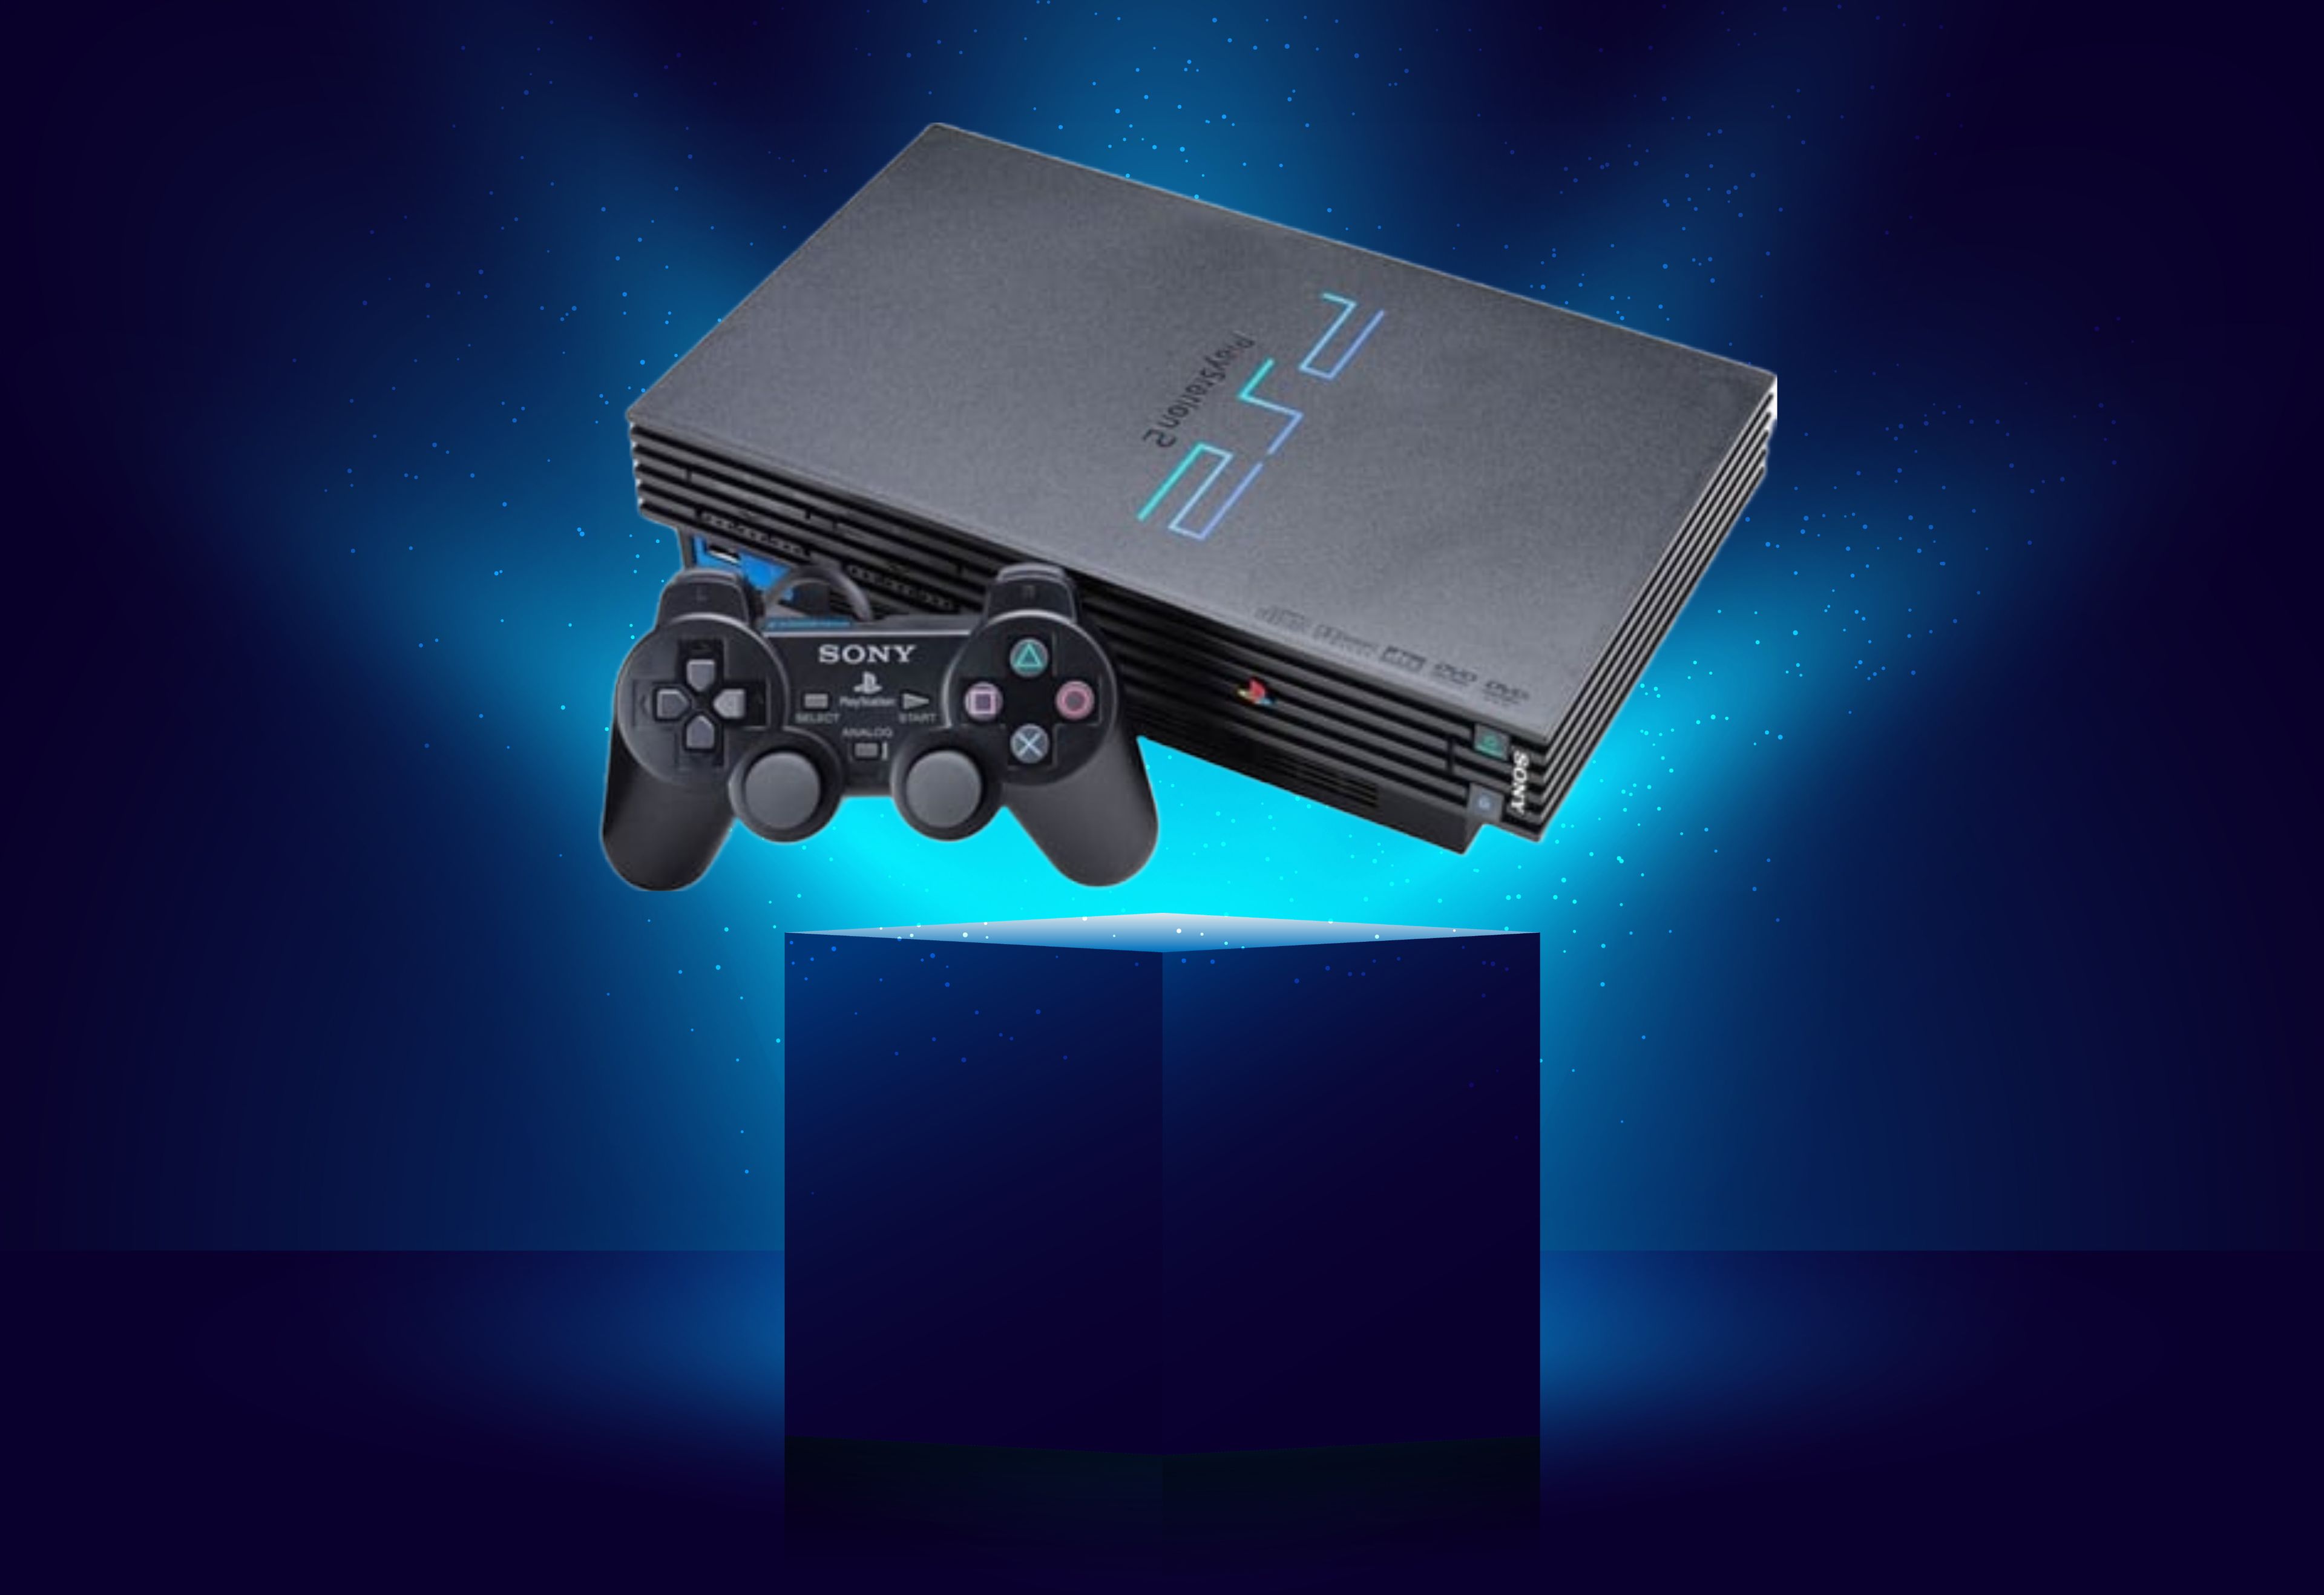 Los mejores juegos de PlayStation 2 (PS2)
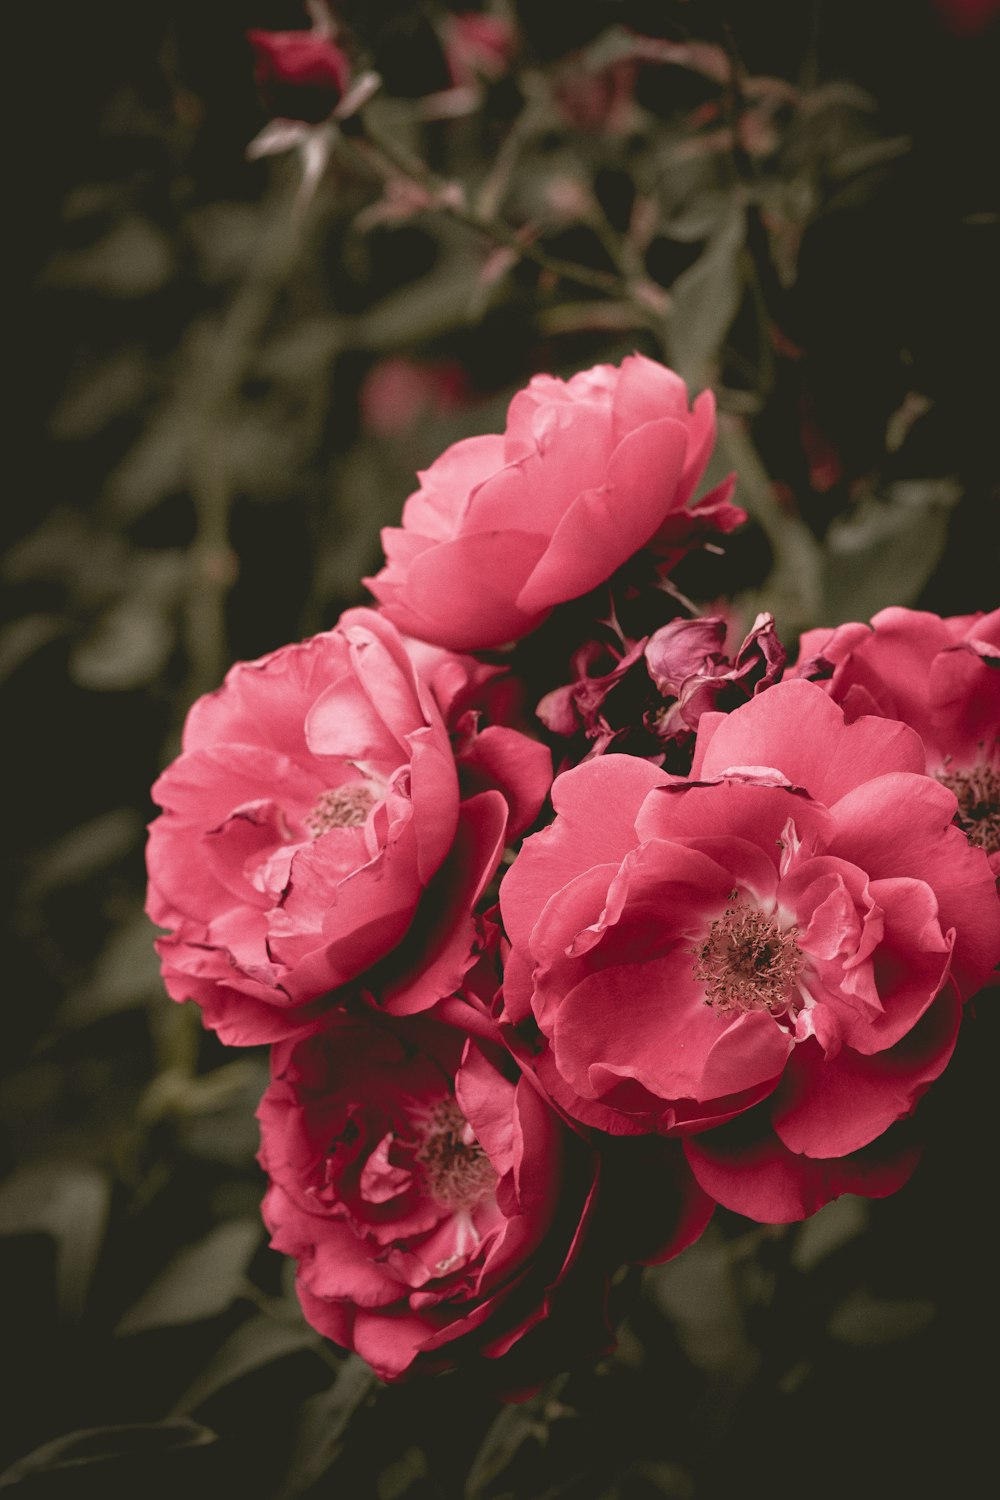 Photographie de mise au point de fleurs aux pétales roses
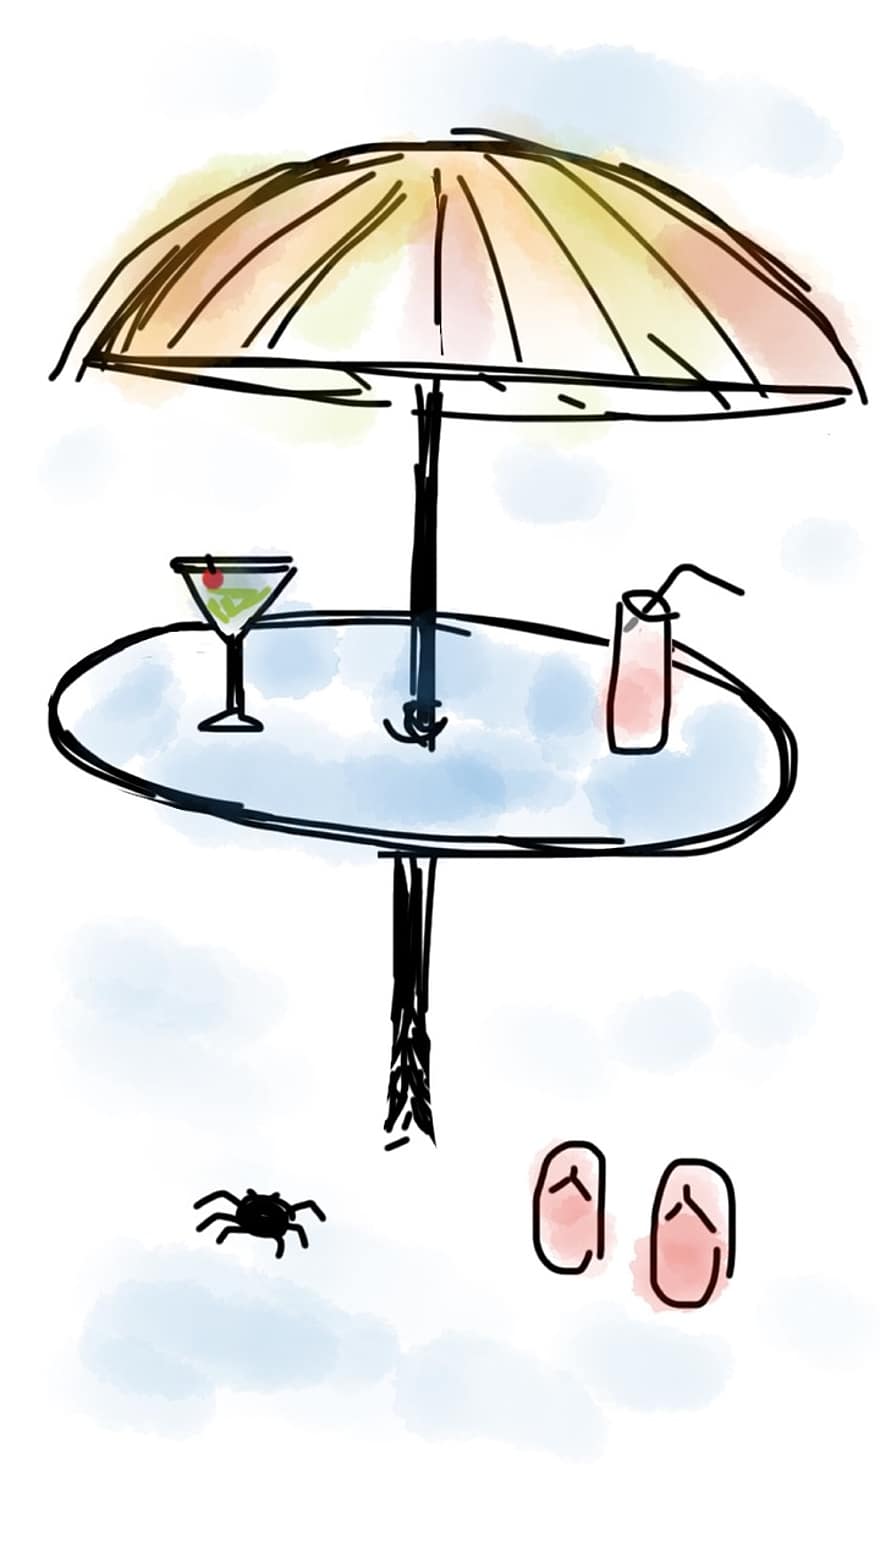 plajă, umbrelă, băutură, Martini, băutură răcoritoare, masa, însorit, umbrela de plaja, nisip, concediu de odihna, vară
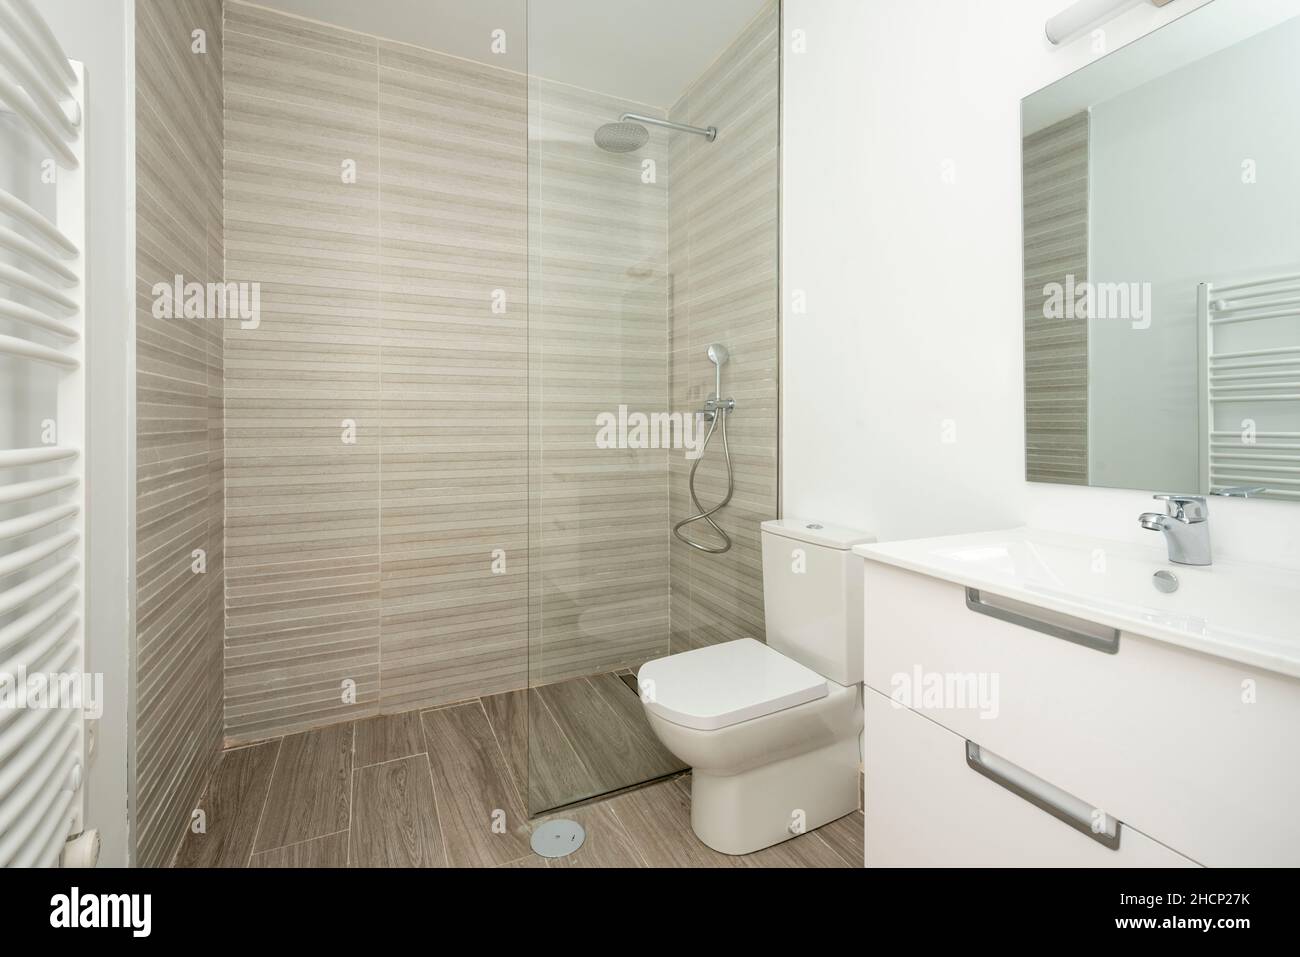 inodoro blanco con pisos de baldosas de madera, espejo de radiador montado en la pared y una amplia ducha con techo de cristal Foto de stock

——

The listing above should be repeated word for word, with every image left out.

 Los mejores juegos de PlayStation 2 (PS2)
 Photographie de mise au point de fleurs aux pétales roses
 plajă, umbrelă, băutură, Martini, băutură răcoritoare, masa, însorit, umbrela de plaja, nisip, concediu de odihna, vară
 inodoro blanco con pisos de baldosas de madera, espejo de radiador montado en la pared y una amplia ducha con techo de cristal Foto de stock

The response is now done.